Love him and his music or not, Bob Dylan is considered by many to be one of the greatest lyricists of all time. He has recorded 36 studio albums, written hundreds of songs, and is still touring the world, performing at dozens of concerts each year. Not bad for a 74-year-old grandpa who started his career more than 5 decades ago. He’s been recognized so many times that Wikipedia has a separate page to list all of his awards and nominations.
But what is it that draws people to his songs? Do his lyrics have a particular essence? Are they happy or sad? Does Dylan sing primarily about himself and his experiences? What words does he use most frequently? If you’ve ever wondered about any of this, my latest viz, and a submission to Tableau’s IronViz Music Viz Contest, attempts to help answer these questions. In this post I break down how I approached the challenge of finding new ways to understand Dylan through text analysis of his lyrics.
I started this project by first determining where to source my primary data set – the lyrics! There are many websites out there that archive song lyrics, but I decided to rely on Dylan’s official website, presumably the most reliable source of information about the artist and his writing. Most of his songs do indeed have listed lyrics; I say most because several songs are missing lyrics and a handful of pieces are instrumental. I used import.io to scrape albums and song lists, as well as lyrics. All you need to do this yourself is use their free app, available on their website. Be sure to check out the tutorials in the Help sections to get started. The program is fairly easy to use but video-walkthroughs will likely save you time and some potential frustration.
I scraped the lyrics twice. For text analysis in Tableau I needed each line in a separate row and for sentiment analysis (more on this later) I wanted to have the text of the whole song in a single row.
Preparing data for Tableau
After training import.io’s crawler to separate each line into its own row, this is what I got:
What I eventually wanted to end up with was each word in a separate row. To achieve this, I took the data to Tableau and used the INDEX() function to number each line, Restarting Every song. I copied the resulting crosstab back to Excel and used Excel’s Text-to-Columns command to split each line into words, using space as a delimiter. I then added numbering to each column of words:
From there, I relied on Tableau’s free data reshape tool to convert my wide data into a long format. This gave me the table like below, with each word identified by the line number and the word’s location in the line. The only thing lost in translation were paragraph breaks between verses, but I can live with that.
If you were paying attention, you may have noticed that I added 2 additional columns: pct_before (for punctuation preceding the word) and pct_after (for punctuation following the word). I’d like to credit Robert Rouse for this method of treating punctuation in data prep. He did some fantastic work with his visualization of Bible text and I got many great ideas by digging into his viz.

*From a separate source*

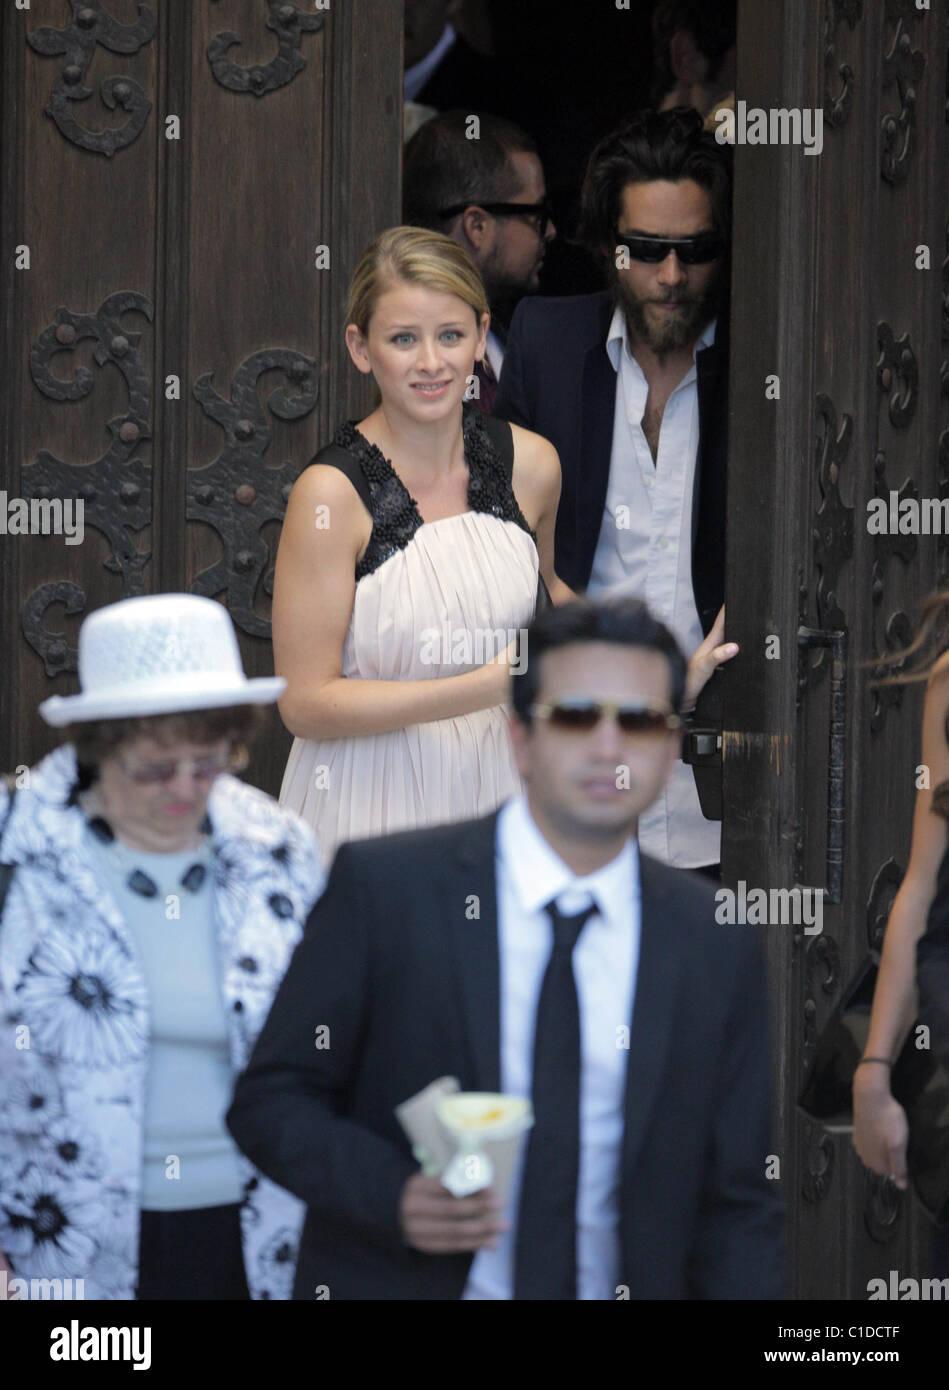 Lauren Bosworth The Hills Stars Spencer Pratt And Heidi Montag Get Stock Photo 35330863 Alamy

Separating but keeping punctuation marks is important if you want to analyze raw words while retaining the ability to properly display your text in Tableau, by concatenating raw words with the punctuation marks.
Okay, so we can now analyze our lyric statistics in Tableau, but how can we assess the mood and emotion of the song? R to the rescue! As I mentioned, for sentiment analysis I needed each song as a long string (one song per row). That is the data input format required by R. Bora Beran writes more on his blog about running an R sentiment package from within Tableau, but for a Tableau Public viz I had to do my analysis in R, and plug the results into Tableau. What the R sentiment package does (download it here), is it cross-references the words analyzed against its built in database of over 6000 words classified as positive, negative, or neutral, compiles results for the whole string (a song in our case) and uses fancy statistics to best fit a single descriptor to your text. The database of words is just a text file and you can add your own words and their sentiment to the database to adapt the package to your data set, especially if the text you are analyzing contains uncommon words, or word combinations.
Below is the R code that reads in the data file (two column CSV with the song name and lyrics), strips punctuation marks, numbers, and converts all words to lowercase, runs its classification, and outputs the results to a new CSV.
# load library
# load data
data <- read.csv("words.csv")
# remove numbers
data[,2] = gsub("[[:digit:]]", "", data[,2])
# remove punctuation
data[,2] = gsub("[[:punct:]]", "", data[,2])
# convert to lowercase
data[,2] = tolower(data[,2])
# classify emotion
class_emo = classify_emotion(data, algorithm="bayes", prior=1.0)
# get best fit
emotion = class_emo[,7]
# classify polarity
class_pol = classify_polarity(data, algorithm="bayes")
# get best fit
polarity = class_pol[,4]
sentiment = cbind(data, emotion, polarity)
The rest was Tableau fun and the result is below. I hope you’ll enjoy.